I second that, I got the same results on live deployment, using both approaches to possible fix: a) patching ceph-ansible in mistral-executor container on UC directly using https://github.com/ceph/ceph-ansible/commit/7d2a13f8c7324c0faf5bc40ff75a179bf1dec364#diff-535f2327a9e3f01dd3ee37ba5fec518b (and redeployment) b) installing latest centos build of package ceph-ansible in mistral-executor http://cbs.centos.org/kojifiles/packages/ceph-ansible/3.1.6/1.el7/noarch/ceph-ansible-3.1.6-1.el7.noarch.rpm (and redeployment) - neither fixed this issue, OC deployment still times out after 100 minutes.
Created attachment 1487374 [details] connection_test.py We are continuing to troubleshoot with Mehdi. There seems to be an issue connecting to the cluster from within the gnocchi_db_sync container; a simple connection test using cradox works when executed outside the container but fails when launched within the container.
I have done some testing with a working container (the cinde-api one). TCP connectivity was OK, but strace show in the non-working container that Ceph monitor sends a message that make the client shutdowns cleanly the connection and retry later.
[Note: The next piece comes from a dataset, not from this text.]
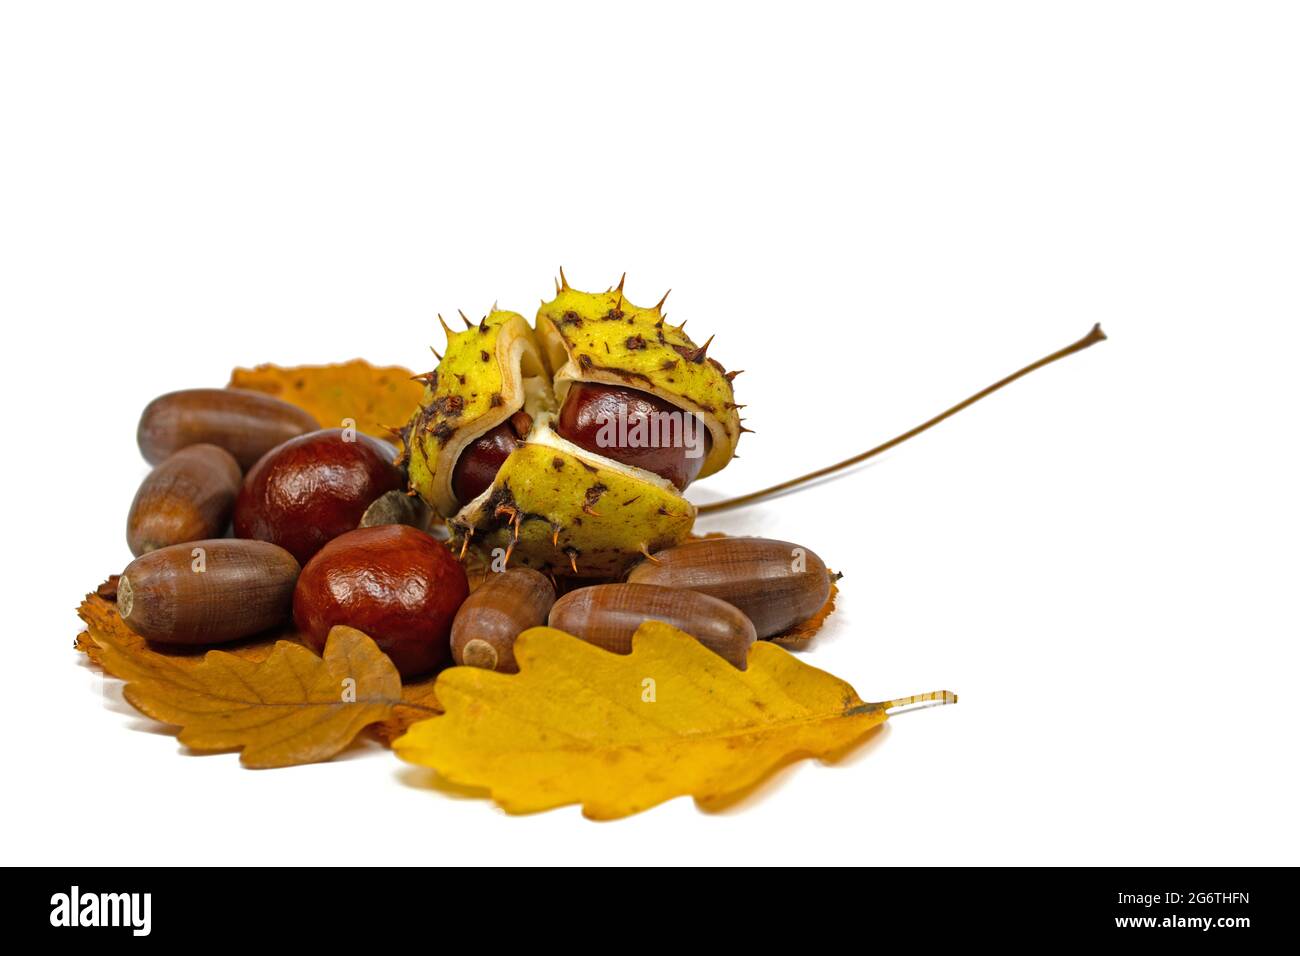 Chestnuts and acorns against a white background Stock Photo

Then I have done some comparaison of both containers, and I have found that librados2 are different: gnocchi: librados2-0.94.5-2.el7.x86_64 cinder: librados2-12.2.4-42.el7cp.x86_64 Then I check the minimum version that required by the server side: # ceph osd crush dump |grep required "minimum_required_version": "jewel", Jewel == 10.2.0, so Gnocchi is not able to connect to Ceph because the librados version of Gnocchi is 0.94. Now need to figure out why the container have been generated with a so old librados2 version.
In today's puddle, both have librados2-12.2.5-42.el7cp.x86_64
*** This bug has been marked as a duplicate of bug 1633288 ***